According to our results, expression of HSP 70 was noted in the superficial and intermediate layers in the pulsed US irradiation group. In the continuous US irradiation group, HSP 70 expression was observed in all three layers. HSP 70 expression in the pulsed US group showed a more significant increase in the superficial layer, whereas in the continuous group, HSP 70 expression was found to show a greater increase in the intermediate layer. It was demonstrated that the pulsed and continuous US modes induced enhanced endochondral ossification in vitro21). El-Bialy et al. demonstrated that continuous US irradiation increased bone healing in early stages, whereas pulsed US irradiation increased bone healing in later stages22). These facts suggest that pulsed and continuous US could increase the expression of HSP 70 by mechanical and thermal effects, respectively. However, there have been a few reports regarding the effects of US according to pulsation; this issue may require more study.
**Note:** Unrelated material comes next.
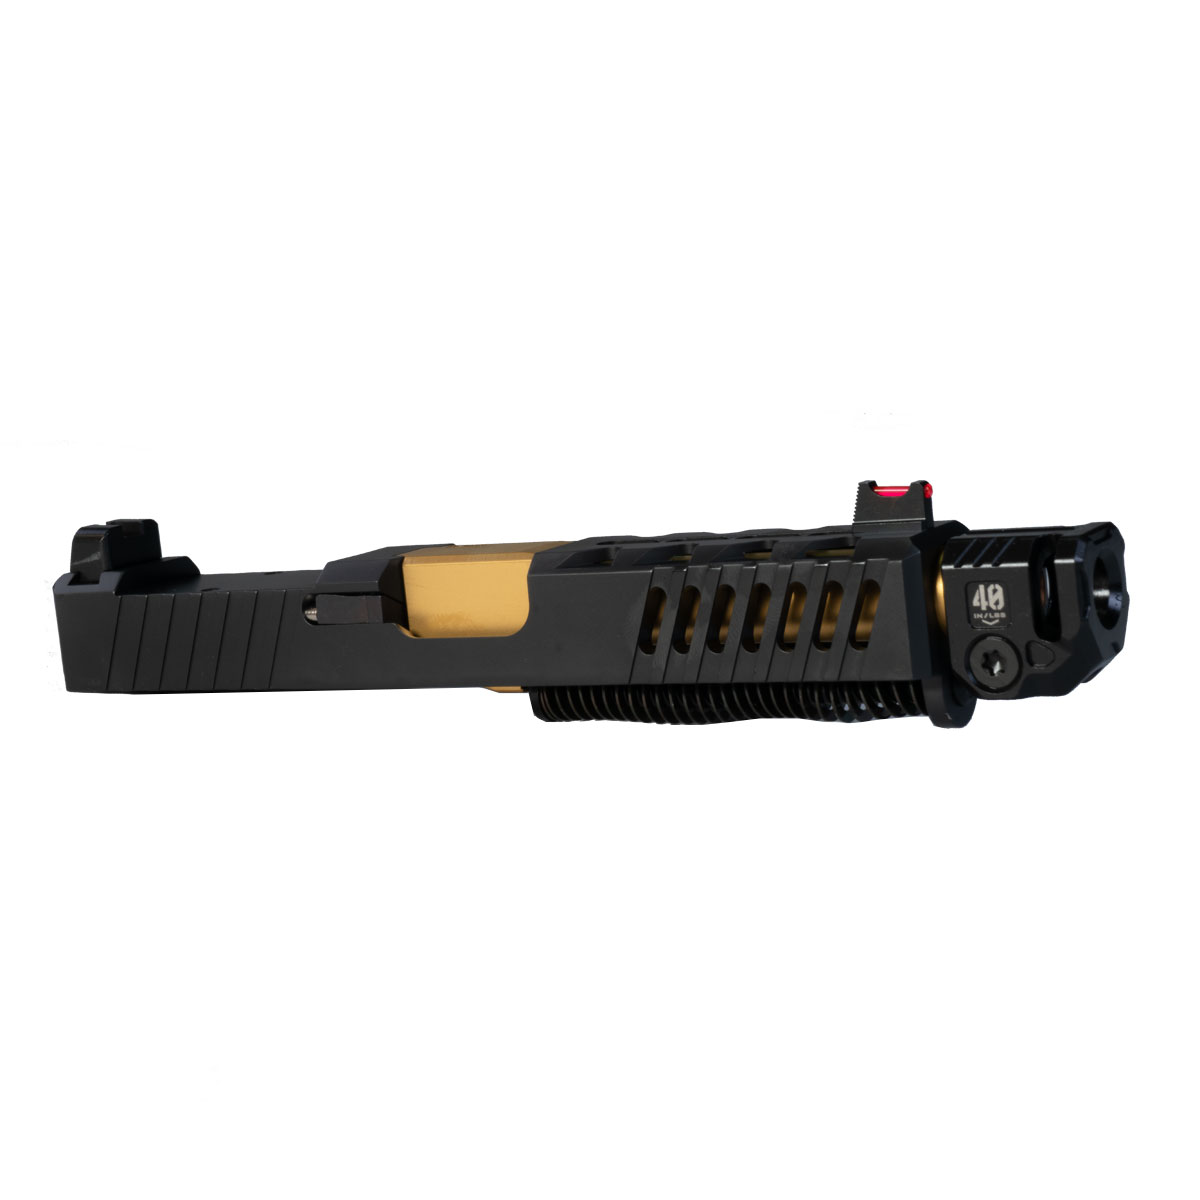 DTT 'Obsidio w/ Strike Industries Compensator' 9mm Complete Slide Kit - Glock 19 Gen 1-3 Compatible

In addition, the results of this study showed that US irradiation stimulated an increase in chondrogenesis-related mRNA alterations in articular cartilage tissues. In the present study, we confirmed that the application of US increased Sox9 and Mustn1 mRNA expression. Sox9 and Mustn1 are chondrogenic marker genes. Sox9 is an essential mediator of chondrocyte-specific protein during cartilaginous development and stimulates the early phase of chondrogenesis23). Especially, Sox9 induces chondrocyte differentiation and endochondral bone formation by binding to CREB24, 25). In addition, Mustn1 is a co-activator of a transcriptional complex that is involved in the proliferation and differentiation of chondrocytes, cartilage development, and bone regeneration26). The important role of Sox9 during chondrocyte differentiation induces expression of Mustn1. These are then responsible for the proper position to explore which is responsible for the transcriptional activation of Collagen II in multiple chondrogenic and osteogenic tissues12). Moreover, during Sox9-mediated gene regulation, HSP 70 plays an important role in the formation of multi-protein complexes27).

In conclusion, that pulsed and continuous US increase chondrogenesis via the increase in HSP 70 and mRNA levels of chondrogenesis-related gene expressions in rat articular cartilage. Although this study has the limitation that it was performed in a normal animal model and needs more investigation concerning clinical aspects in humans, it would contribute to the suggestion of the evidence that the biological effects of US in the articular cartilage would provide a therapeutic effect on the activation in the intracellular metabolism and extracellular matrix. In addition, the present results not only demonstrate the therapeutic mechanism of US from a basic viewpoint, but also indicate the potential of physical therapy as a non-pharmacological and nonoperative method for articular cartilage repair. It would be needed to perform experiments in the various injured models and environments for support of evidence based practice.